LEARNING CONSECRATION IN THE FAMILY


SAINT JOSAPHAT, BISHOP, MARTYR

Titus 2:1-8,11-14; Ps 37:3-4,18,23,27,29; Lk 17:7-10

The need to grow in our Consecration

The two readings present us with the Christian attitude we need to grow in our consecration. As we stressed in yesterday’s reflection, our sacrifice starts imperfect because it is only faith-driven. But it is meant to grow and develop as we enter deeper and deeper into the mystery of Jesus Christ. The mystery we are considering is important for every Christian; for those called to religious life and those called to marriage or family life. Both vocations are constitutive parts of the Church. Hence, Paul details the sacrifices in the family life as part of the Church. His emphasis yesterday was on the character of those called to play the role of elders or presbyterium in the community of the faithful. Today’s passage dwells on the members of a Christian family. By treating all these aspects together, Paul wants us to understand that we have received the same vocation to holiness of life or consecration. He encouraged Titus to preach the behaviour that flows from healthy doctrine. So, if we misbehave, we have not received a healthy doctrine from the elders/priests in charge of the community or we chose to close our ears to what they taught us from the Gospel. He prescribed the necessary qualities a person must have to be chosen or elected to act as an elder in yesterday’s passage. If that aspect has been taken care of, the other aspect is whether we are practicing what we have heard.

The right behaviour for older men and women, following from a sound understanding of the Gospel is as given. “The older men should be reserved, dignified, moderate, sound in faith and love and constancy.” On a closer examination of this required behaviour, we notice that they are modelled on that of the consecrated men or priests. It is not difficult to understand this since the early Church had no separate institutions or seminaries to train priests. God chooses them from among the older men in the community. Thus, the demand to study and understand the Gospel revelation was required of all and not restricted to those to be ordained. As we saw yesterday, the elder or priest/bishop is chosen from married men in the community. Thus, the moral standard was something handed on to younger men by the older men. They are more morally committed to the Lord and his Church because they have made appreciable progress in the knowledge of the mystery of Jesus Christ and deeper in love with Christ and the Church. The same applies to the women. “Similarly, the older women should behave as though they were religious, with no scandal-mongering and no habitual wine-drinking—they are to be the teachers of the right behaviour and show the younger women how they should love their husbands and love their children, how they are to be sensible and chaste, and how to work in their homes, and be gentle, and do as their husbands tell them, so that the message of God is not disgraced.” The Christian homes are the original convents before the foundation of religious life and convents. Hence, the same standard of morality is expected in Christian homes as in convents, the latter being the formalisation of the former.

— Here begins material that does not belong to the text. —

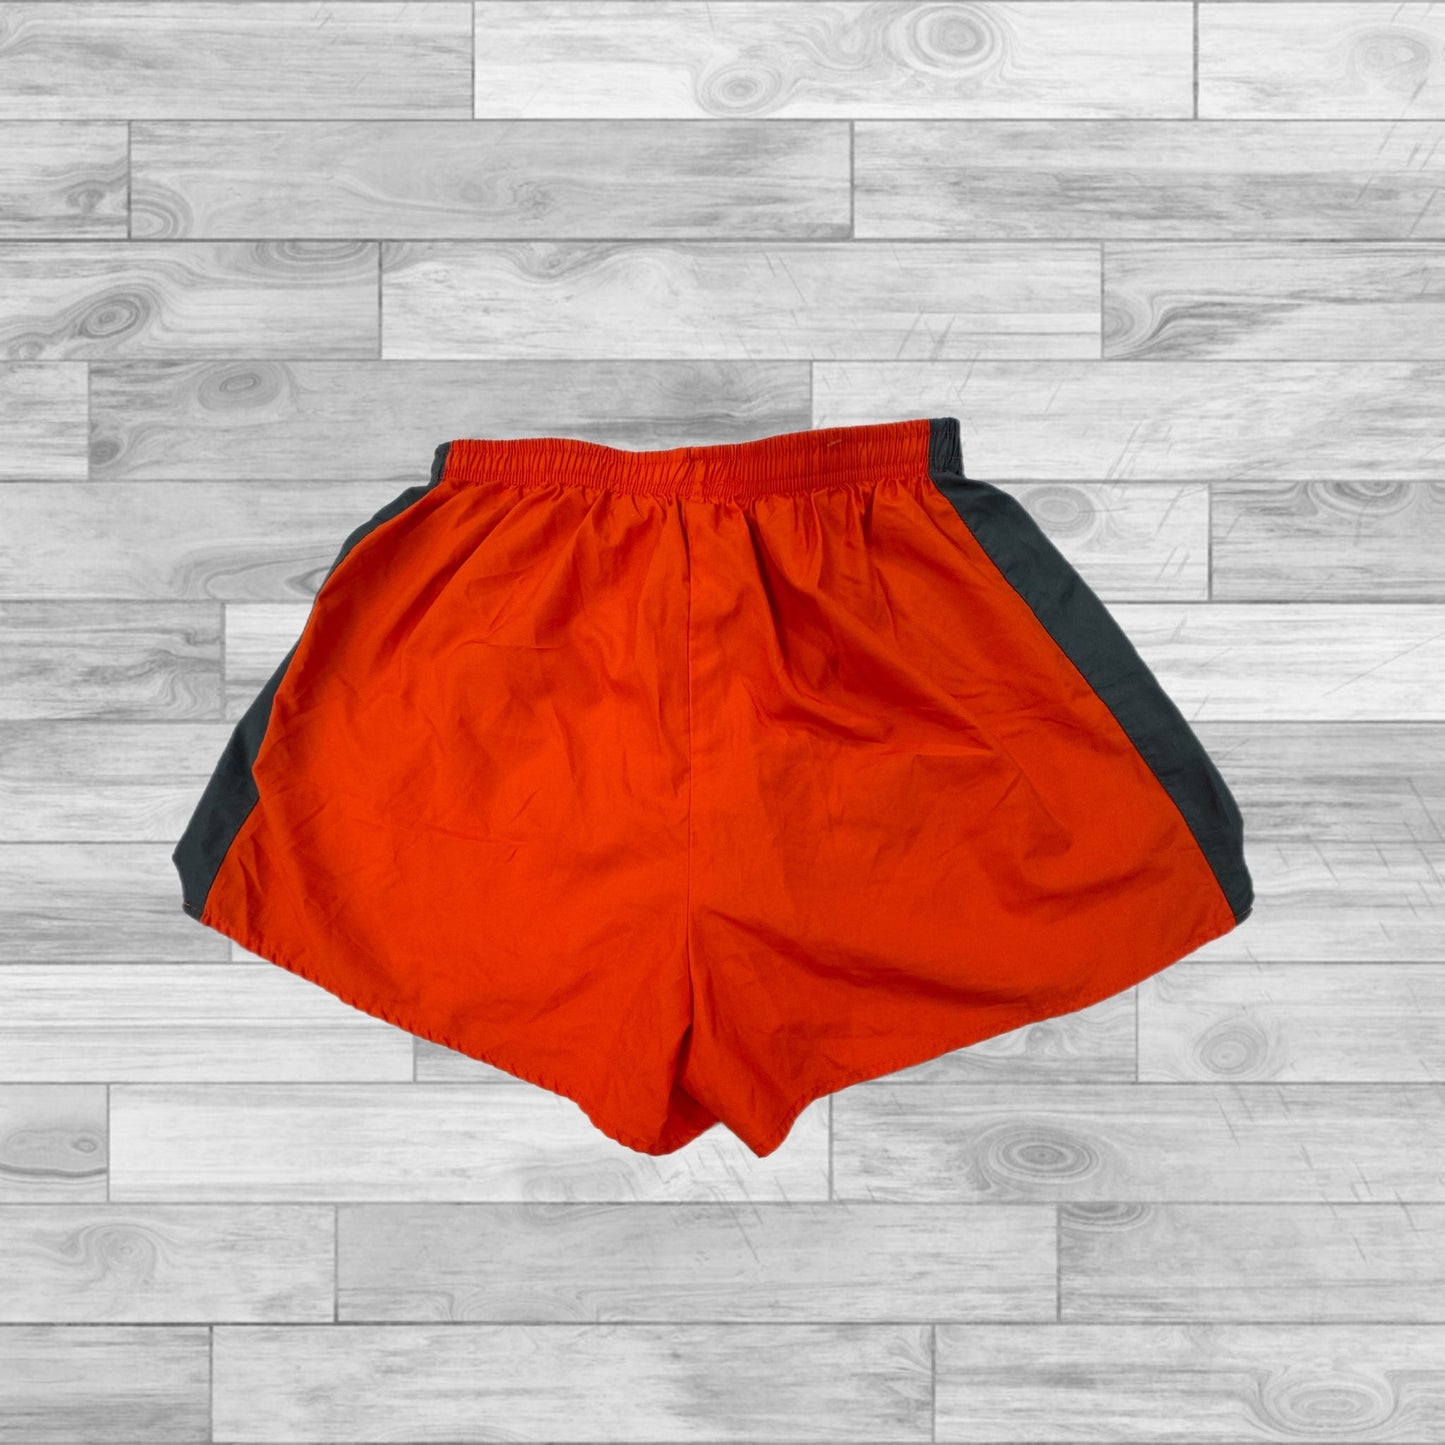 Orange Shorts Nike Apparel, Size M
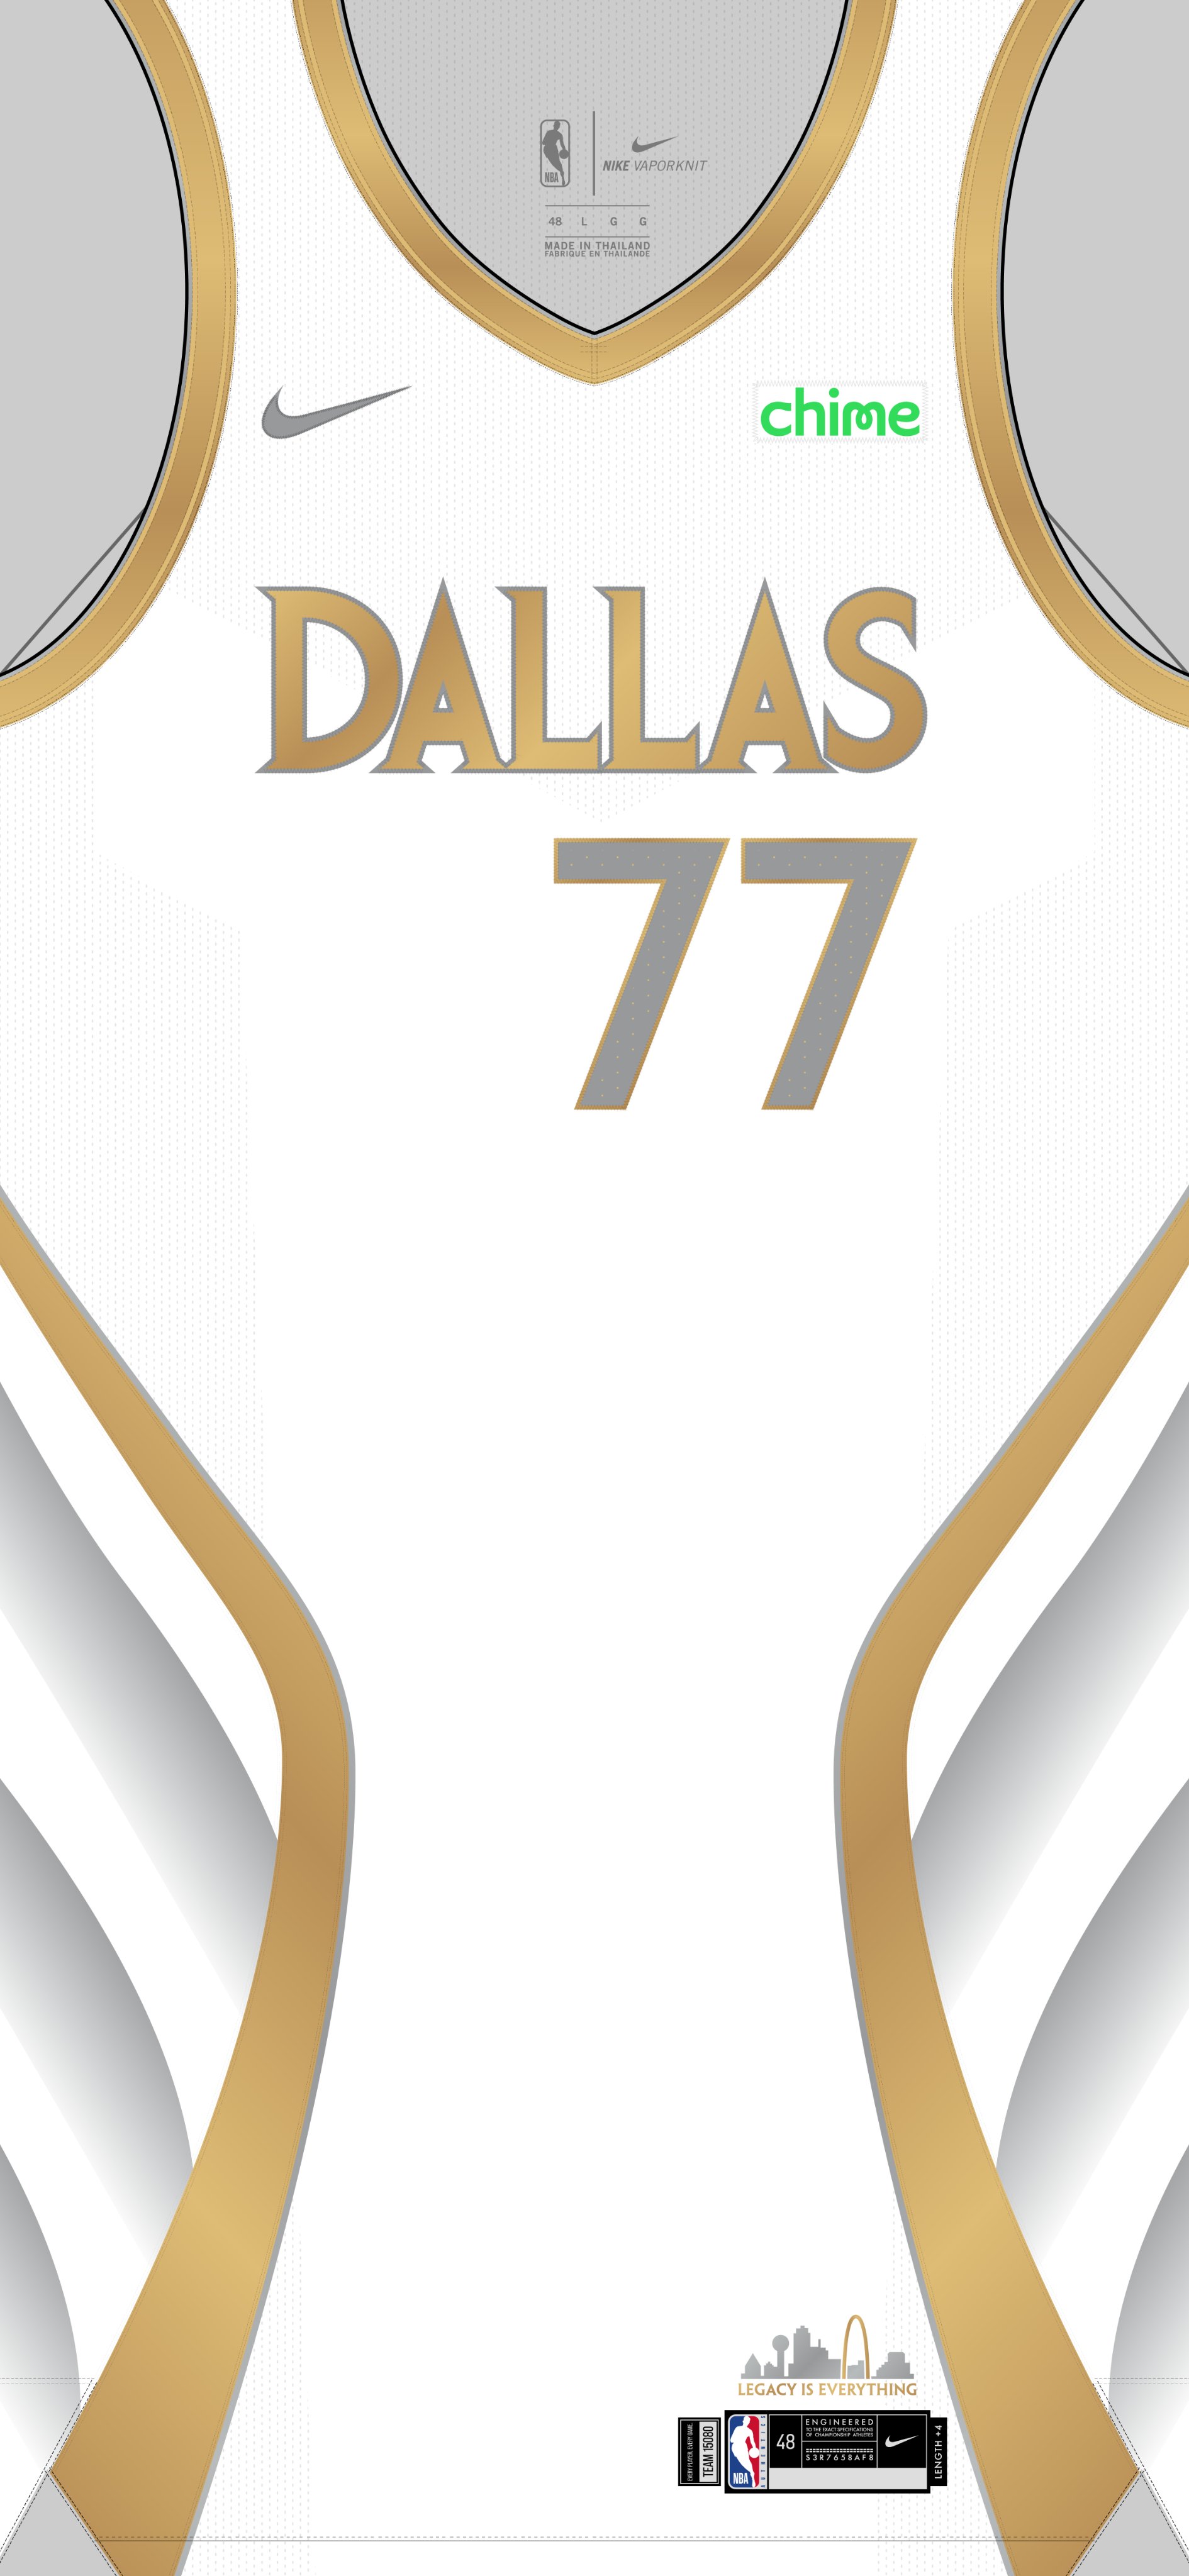 Luka Doncic Jersey Size Medium Dallas Mavericks #77 All Star Gold White

In the Gospel, our Lord explains that sound moral behaviour is an obligation for us Christians, which should flow from our internalisation of the Gospel message. We are not to expect praise for being good Christians because all we have are given us from heaven: the Gospel message, the gift of faith, the spiritual life that commences with our profession of faith, the graces we need each day to grow the spiritual life, the opportunities to exercise our faith and make it grow, etc. We should be grateful for all these gifts and joyfully do the good work assigned to us each. “So with you: when you have done all you have been told to do, say, “We are merely servants: we have done no more than our duty.” The statement of our Lord leads us to the exemplary life of St. Josaphat. Born in what is now Ukraine, he went to work in Wilno and was influenced by clergy adhering to the 1596 Union of Brest. He became a Basilian monk, then a priest, and soon was well-known as a preacher and an ascetic. At a relatively young age, he became both the bishop of Vitebsk and archbishop of Polotsk. Josaphat faced a difficult situation. He tried to unite the Ruthenian Church with Rome through synods, catechetical instruction, reform of the clergy, and personal example. Josaphat won back part of the Orthodox in that area to the union. But many remained dissident; a mob of them shot and killed him in 1623 while on a pastoral visit to Vitebsk. He is the first saint of the Eastern Church to be canonized by Rome.

Let us pray: Stir up in your Church, we pray, O Lord, the Spirit that filled Saint Josaphat as he laid down his life for the sheep, so that through his intercession we, too, may be strengthened by the same Spirit and not be afraid to lay down our life for others.